→ **Task to complete**
Copy, please, the line with "Sängklädsel 105 x" and each line that follows it through the end of the data below, exactly as given and without pictures.

→ **Available data**
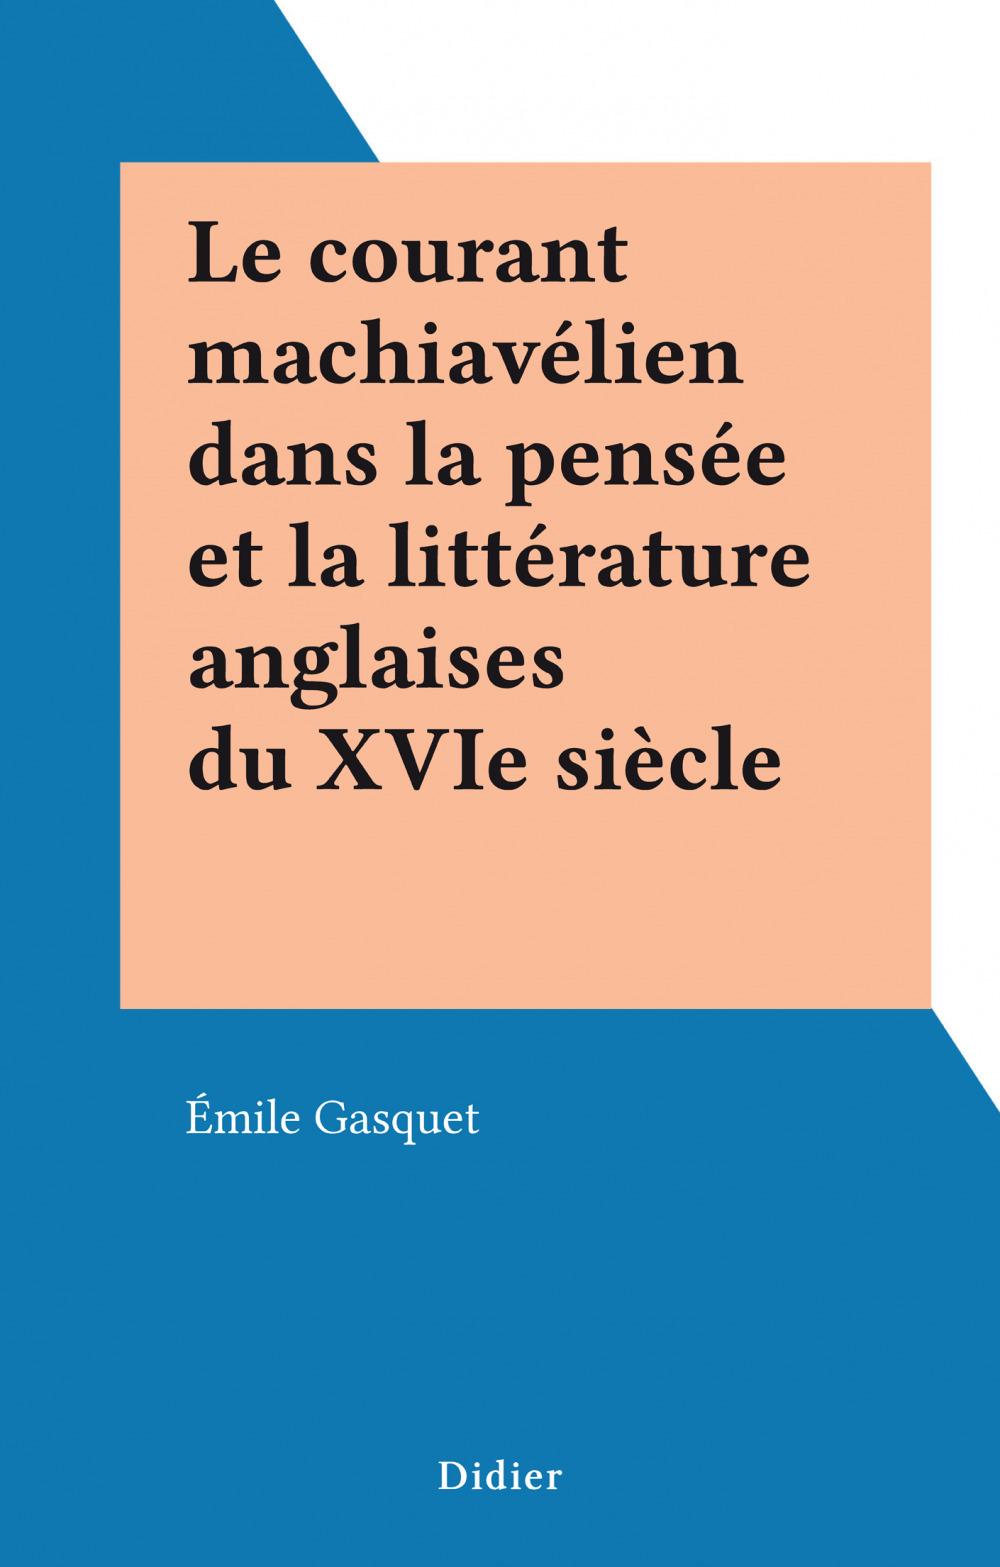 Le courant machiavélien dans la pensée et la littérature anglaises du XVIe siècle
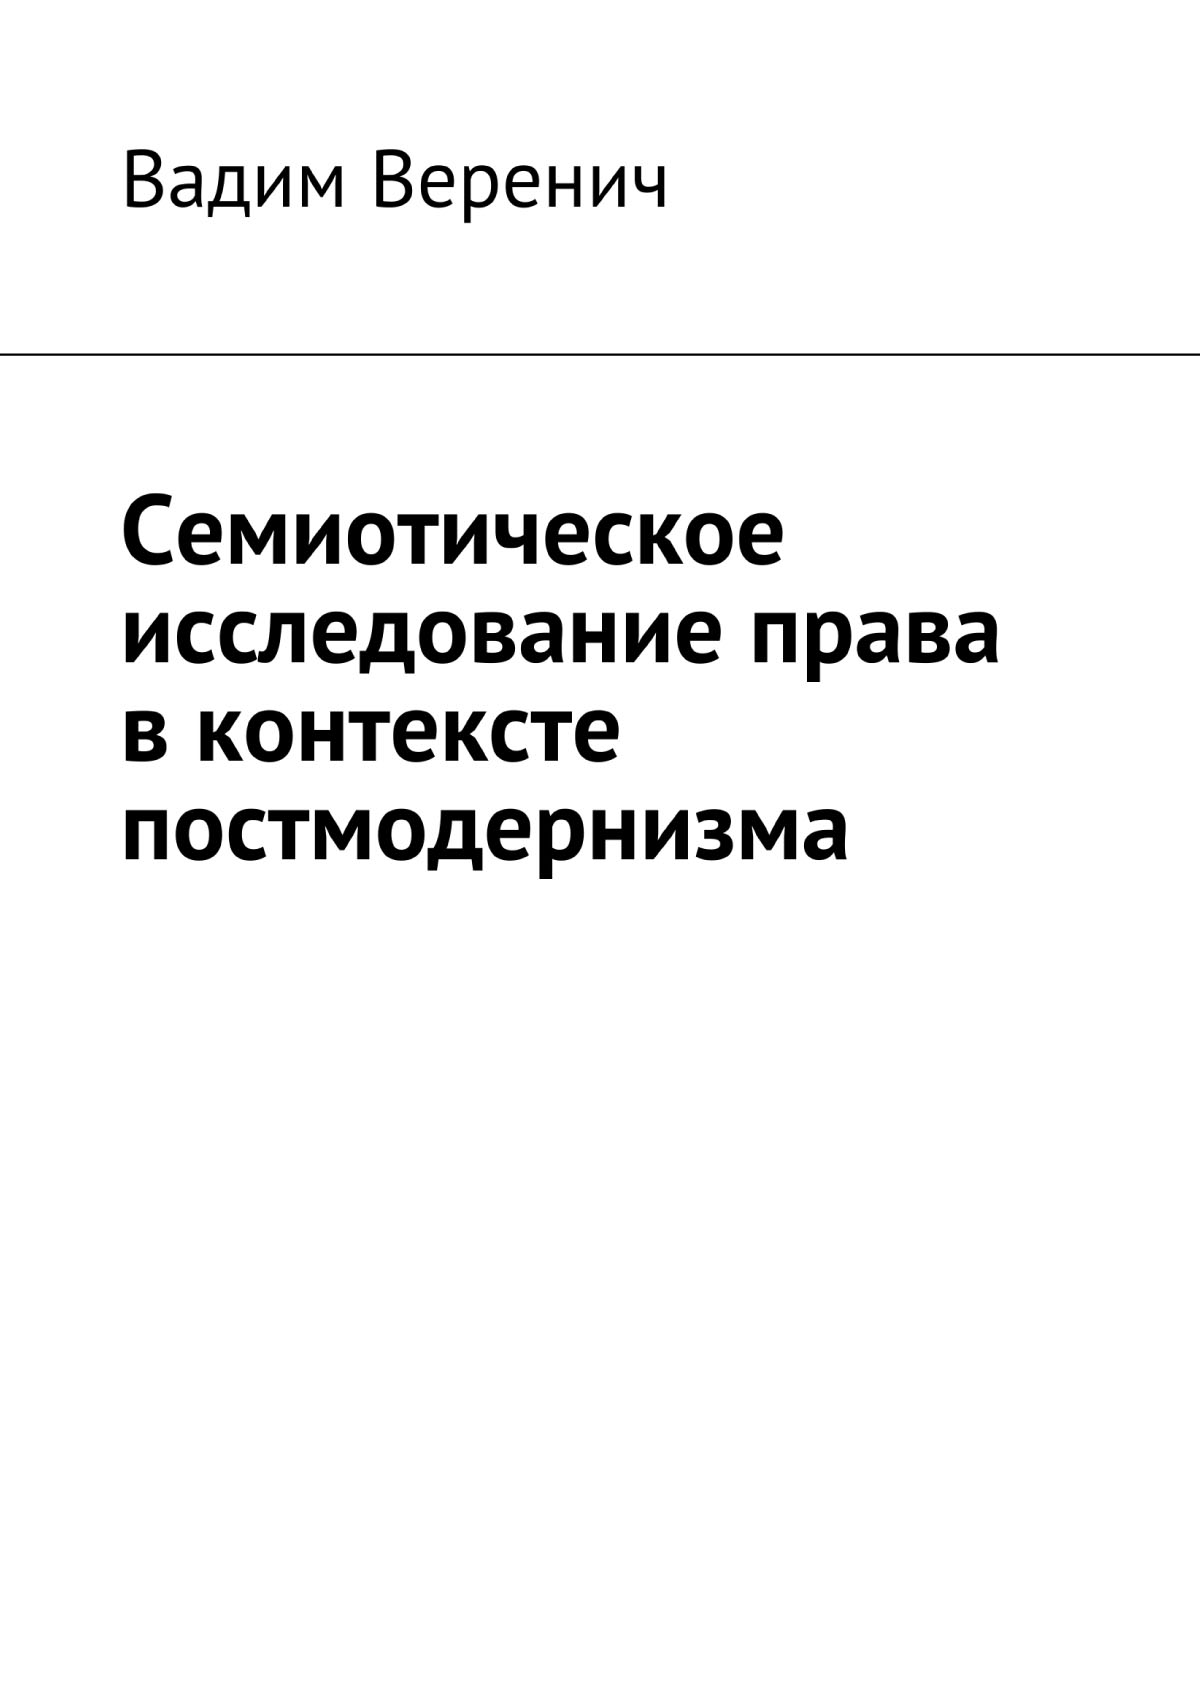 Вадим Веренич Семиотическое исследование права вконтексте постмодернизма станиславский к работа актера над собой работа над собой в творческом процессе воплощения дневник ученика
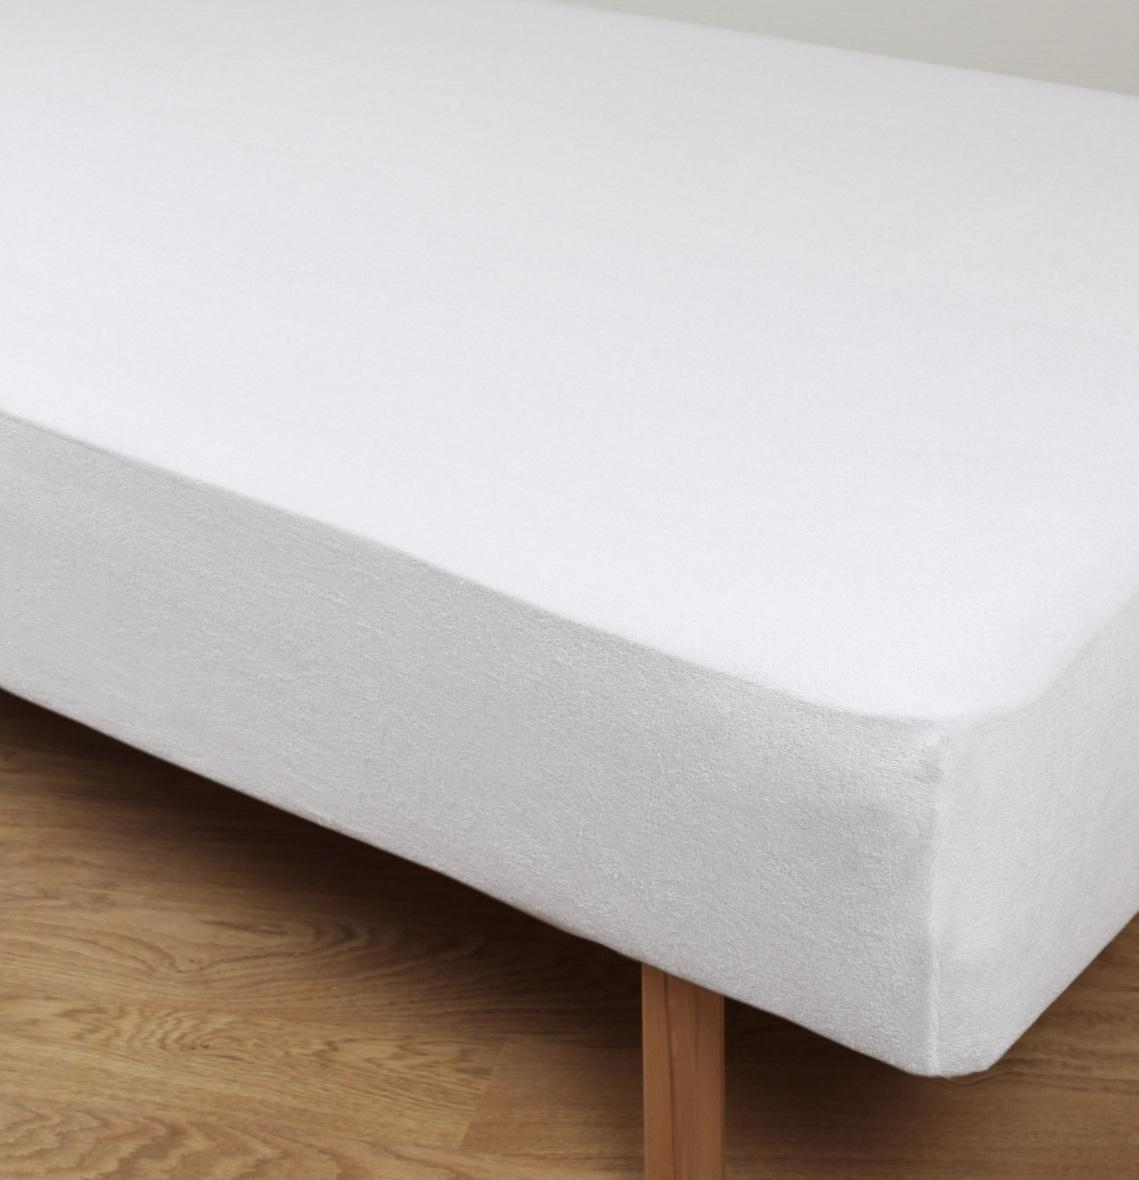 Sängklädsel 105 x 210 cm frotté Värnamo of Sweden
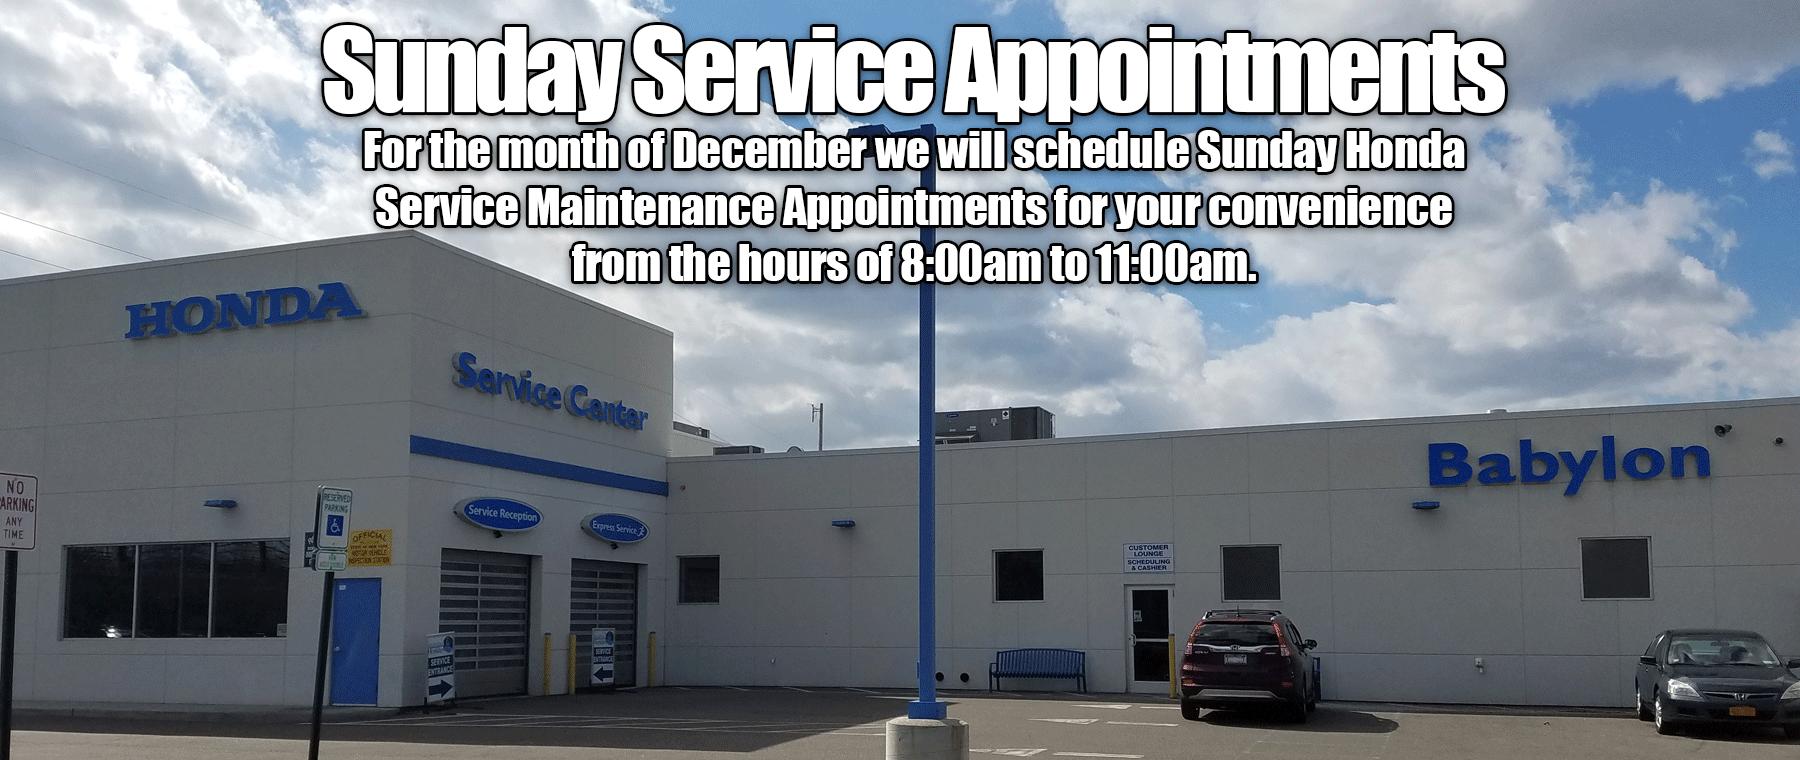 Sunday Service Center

→ **Task result**
 Sängklädsel 105 x 210 cm frotté Värnamo of Sweden
 Sunday Service Center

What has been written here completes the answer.